SACRAMENTO, Calif. (AP) — California's first black U.S. senator said Thursday that better training is needed to help police officers recognize biases in response to last month's shooting of Stephon Clark, a 22-year-old unarmed black man shot by Sacramento police.
"There is no question that that was a life that should not have been lost," Kamala Harris said at a town hall meeting in Sacramento. "That is a life that should not have been ended."
Harris spoke to a mostly supportive audience of several hundred people nearly three weeks after two officers chased Clark, who was suspected of breaking into cars, into his grandparents' darkened backyard and opened fire. The officers thought he was carrying a gun but later found he was holding a cellphone.
The shooting touched off tense protests in California's capital as demonstrators demanded the officers be indicted.
Clark's grandmother, who was in the audience, was given a standing ovation.
"My heart breaks for what has happened," Harris said.
Harris, who has an Indian mother and Jamaican father, was California's first attorney general who wasn't a white man and has been mentioned as a potential candidate for president in 2020.
Officers must be trained to recognize how their unconscious biases influence decisions about how to enforce the law and the appropriate level of force to use, she said.
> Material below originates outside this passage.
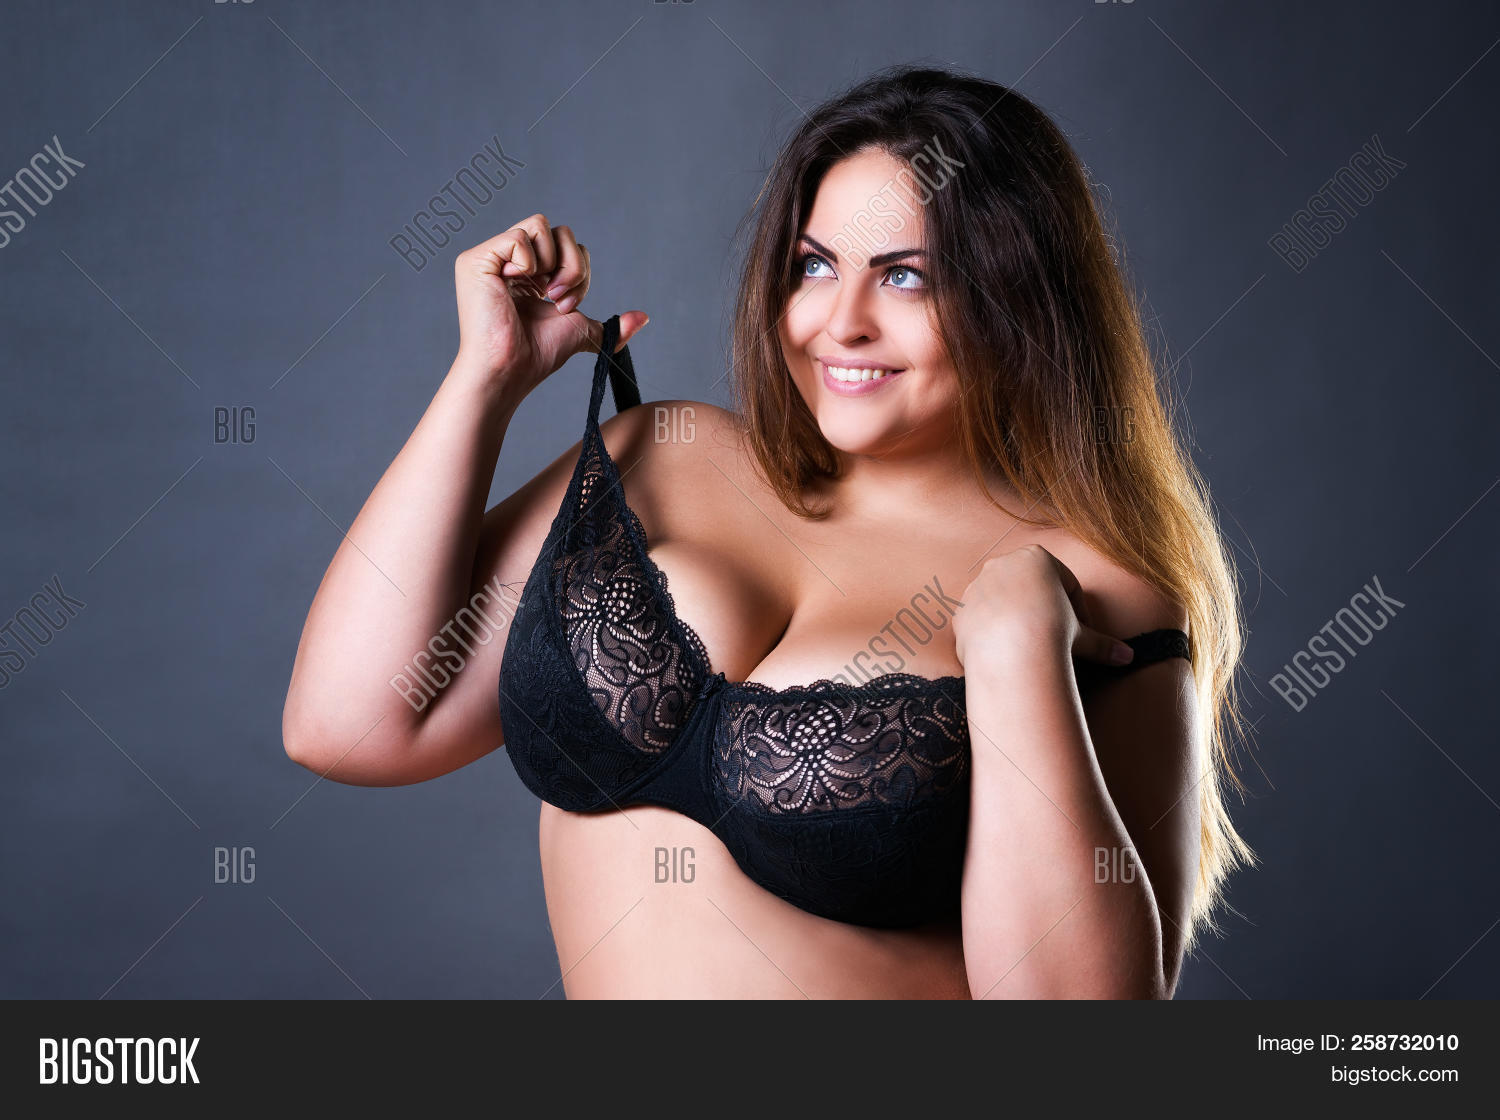 devon cardenas share free big natural breast photos
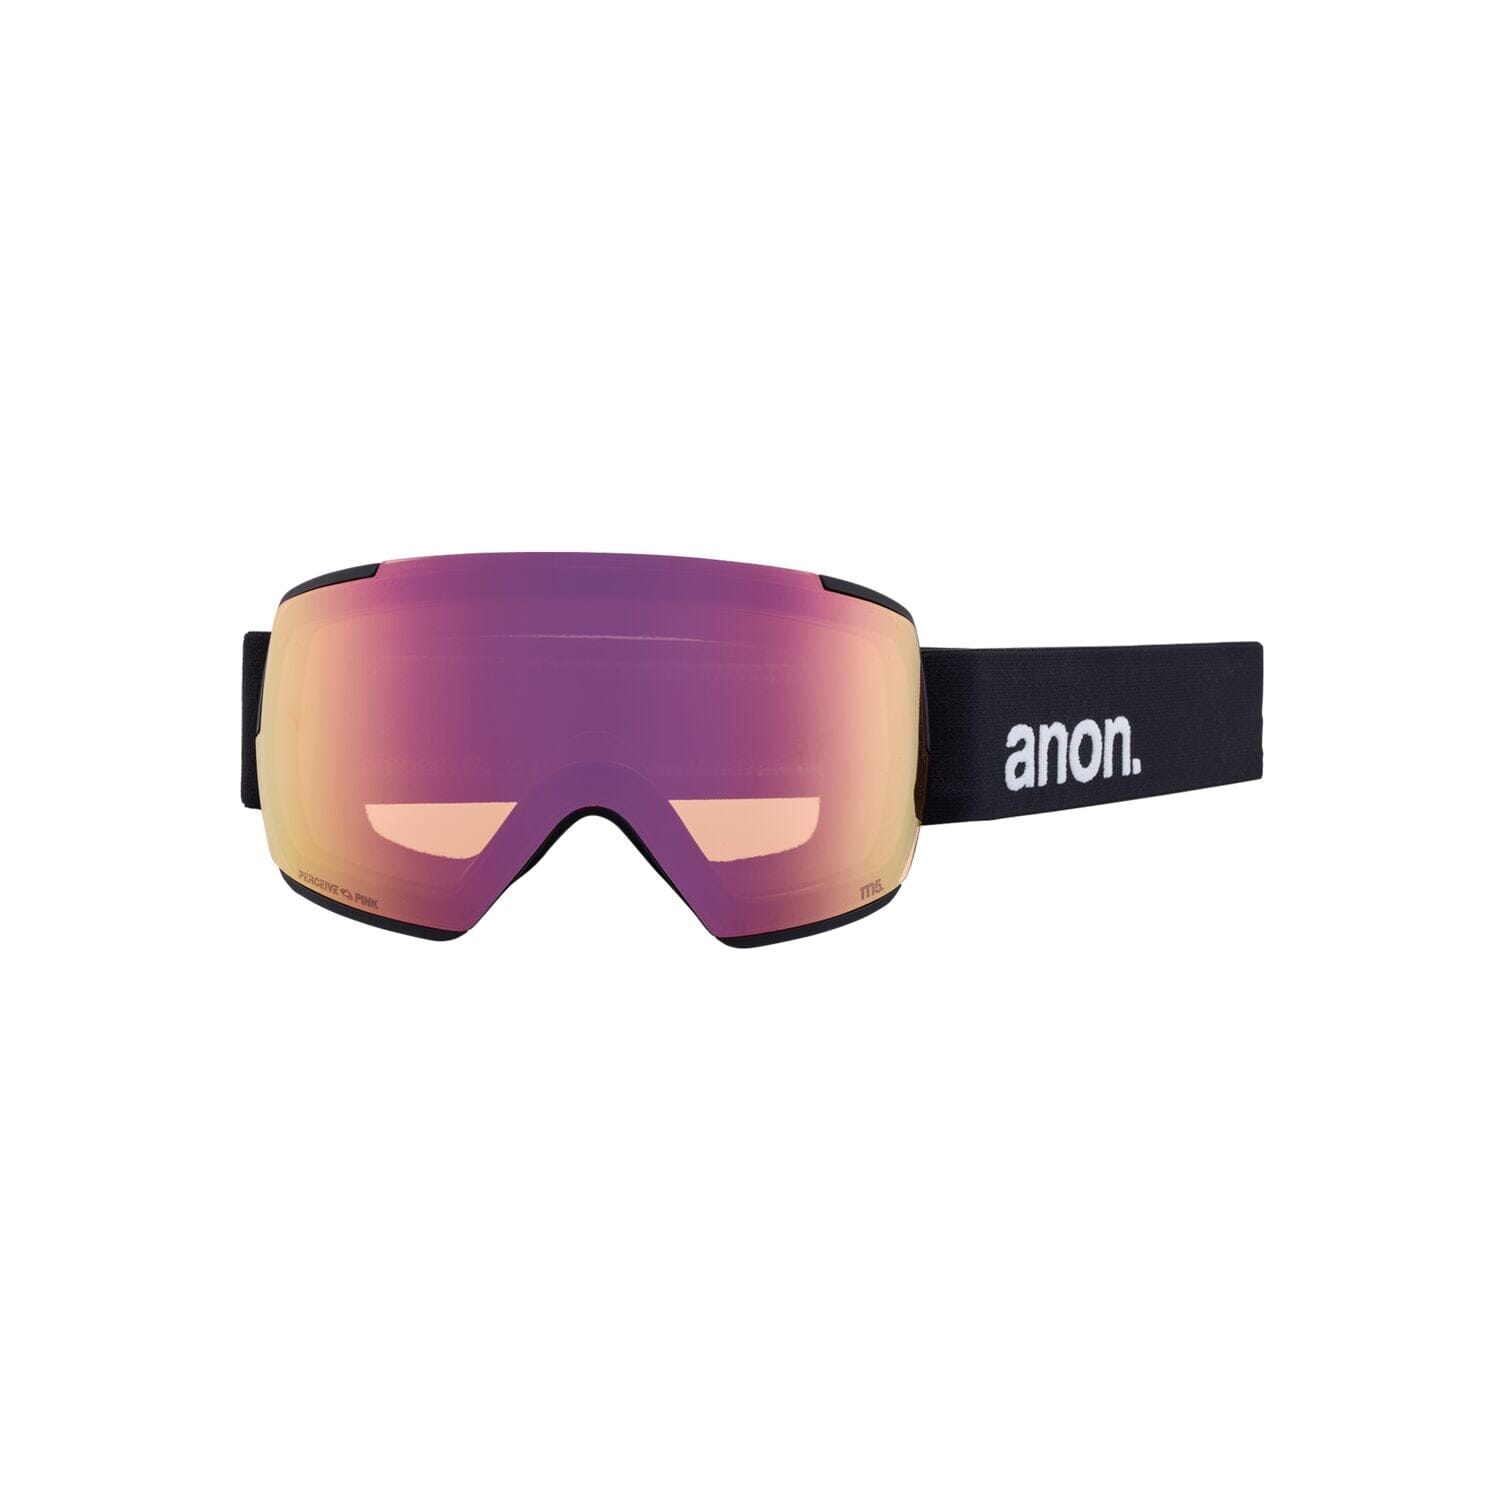 ANON M5 Black - Perceive Sunny Bronze + Perceive Cloudy Burst + MFI Facemask Snow Goggle Snow Goggles Anon

Everyone carries bias, she said, "but when your bias is coupled with the fact that you carry a gun, it is something that has to be a priority for all of us."
Following high-profile police shootings of unarmed civilians around the country, the former attorney general ordered her agency to review its own training on bias and use of force, and she created a statewide program that she said has now trained 2,000 officers to avoid having their biases influence their ability the use the appropriate level of force.
But she also resisted calls to lead independent investigations of questionable police shootings, saying local district attorneys can be trusted to fairly investigate.
Harris declined to comment on proposals in the state Legislature to change policies on the use of force by police. One would make California the first state to significantly restrict when officers can open fire, changing the standard from using "reasonable force" to "necessary force."
"I'm looking forward to seeing the language," Harris said. "I think they're very interesting (proposals). Certainly there's work to be done."